Mummery cautions, however, that investing in the Caucasus can be difficult, citing high levels of corruption and bureaucracy. "The need for reform is still quite considerable, and the three economies are very different and so will attract a very different sort of investor," she adds. According to Jean-Louis Lavroff, head of operations at the EU Commission in Baku, Azerbaijan, doing business-except in Georgia-is also often a far-from-transparent activity. "It's easy to set up here (Azerbaijan, like Georgia and Armenia, has a one-stop shop for investors), but you may end up working in a situation very different from the West, where decisions take a very long time," he says.

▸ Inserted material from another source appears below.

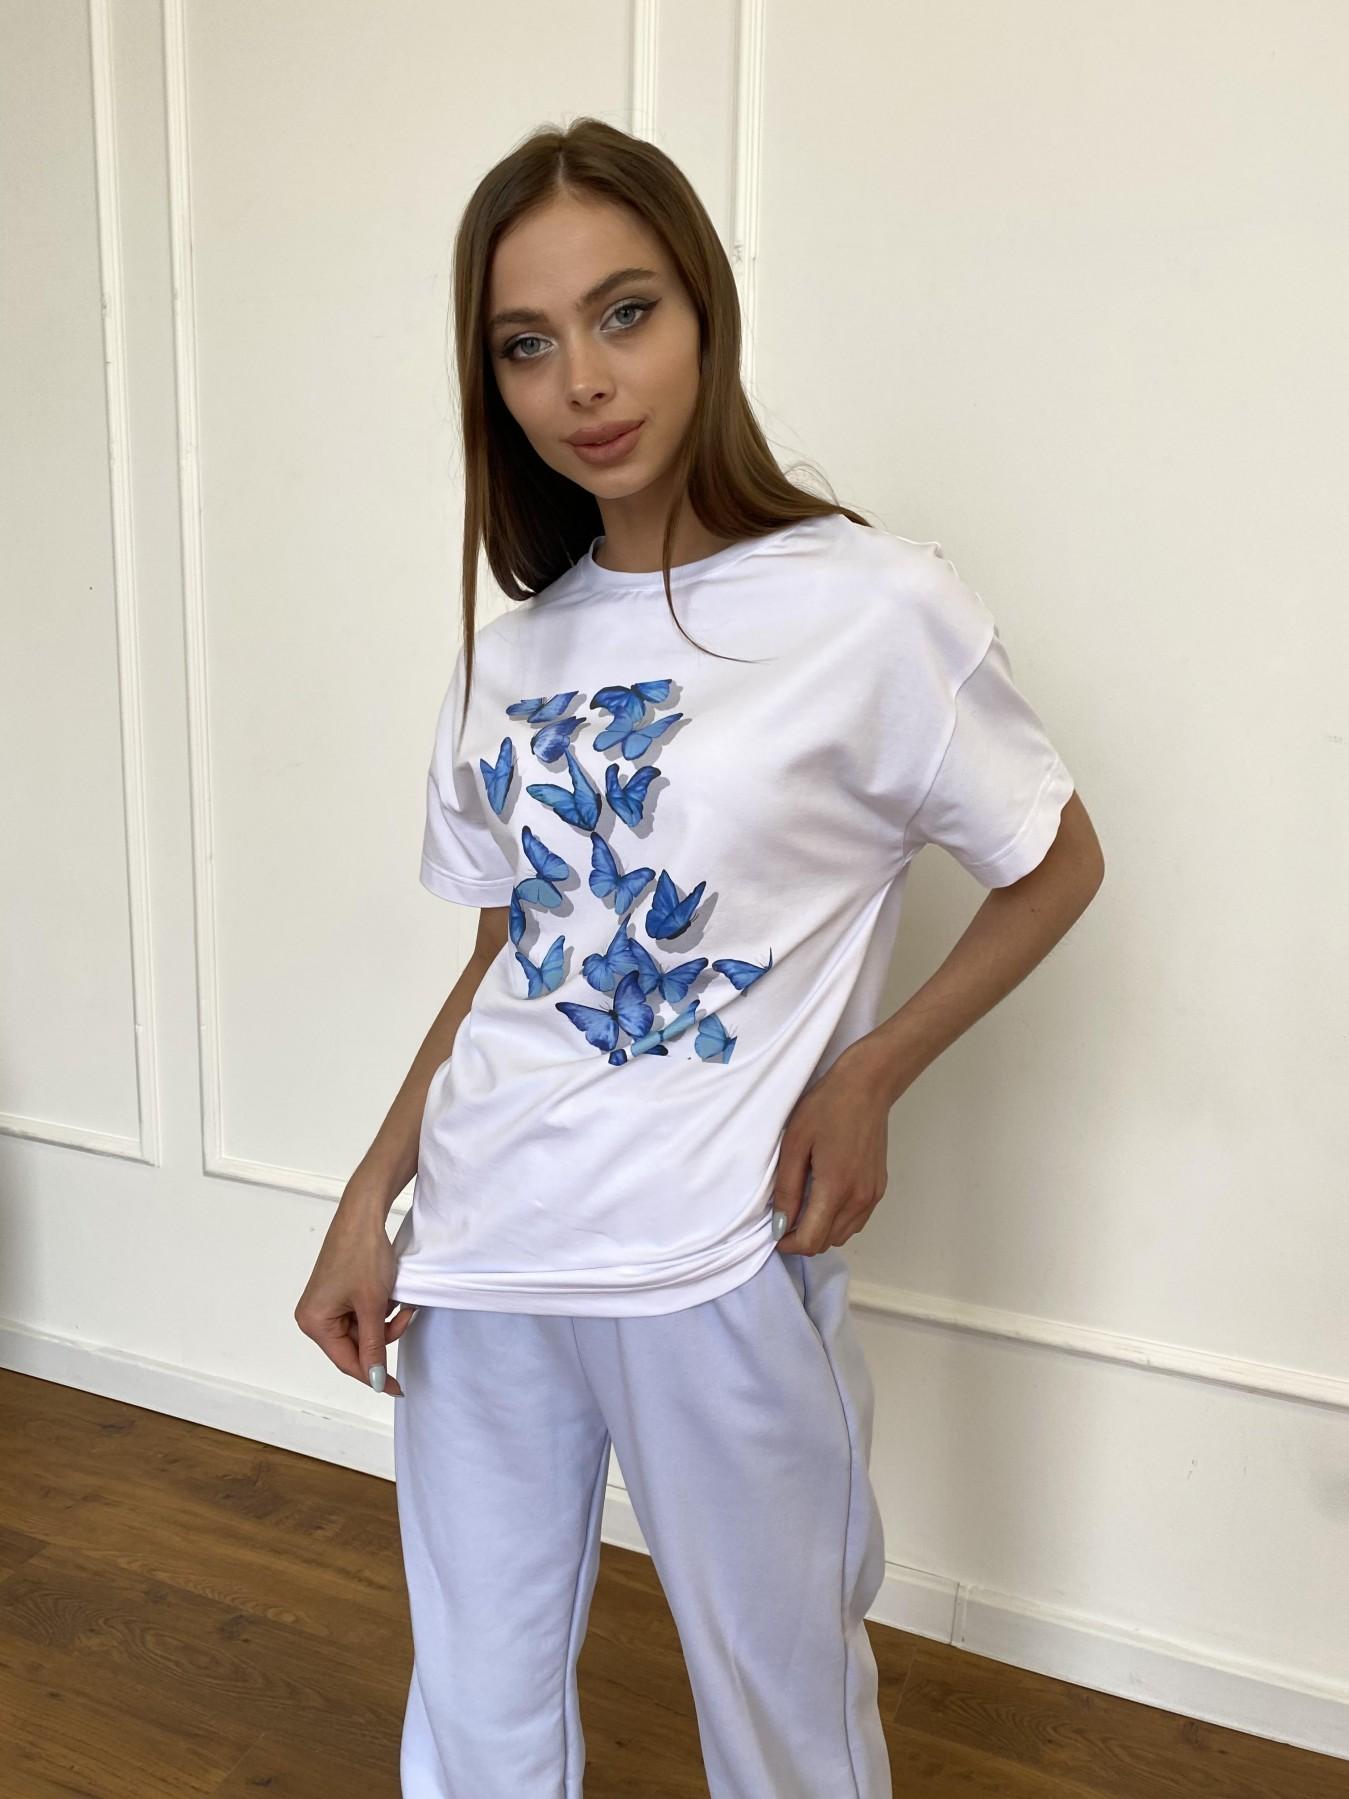 Бабочки футболка из вискозы однотонная хлопок 11232 АРТ. 47752 Цвет: Белый - фото 4, интернет магазин tm-modus.ru

The continuing recovery from the global economic downturn should reinforce the region's appeal, as should the substantialinvestments all three countries have made in infrastructure in recent years. The economies have also benefited from tough financial regulation and the local banks' lack of integration into the global banking system, which helped them sidestep the crisis. The banks' relative isolation from the global financial system does mean, however, that there is also a lack of competition and sophistication.
While all three countries in the region are competing for the same international investment, each country has different strengths. Armenia's economy is relatively diversified, with competitiveness boosted by the 22% depreciation of the dram in March 2009, but for investors the main appeal remains the metals industry, made more attractive by the 2010 recovery in commodity prices. Economic recovery has been underpinned by the construction of a new airport terminal, as well as by concessional finance packages from Russia, the IMF and the World Bank.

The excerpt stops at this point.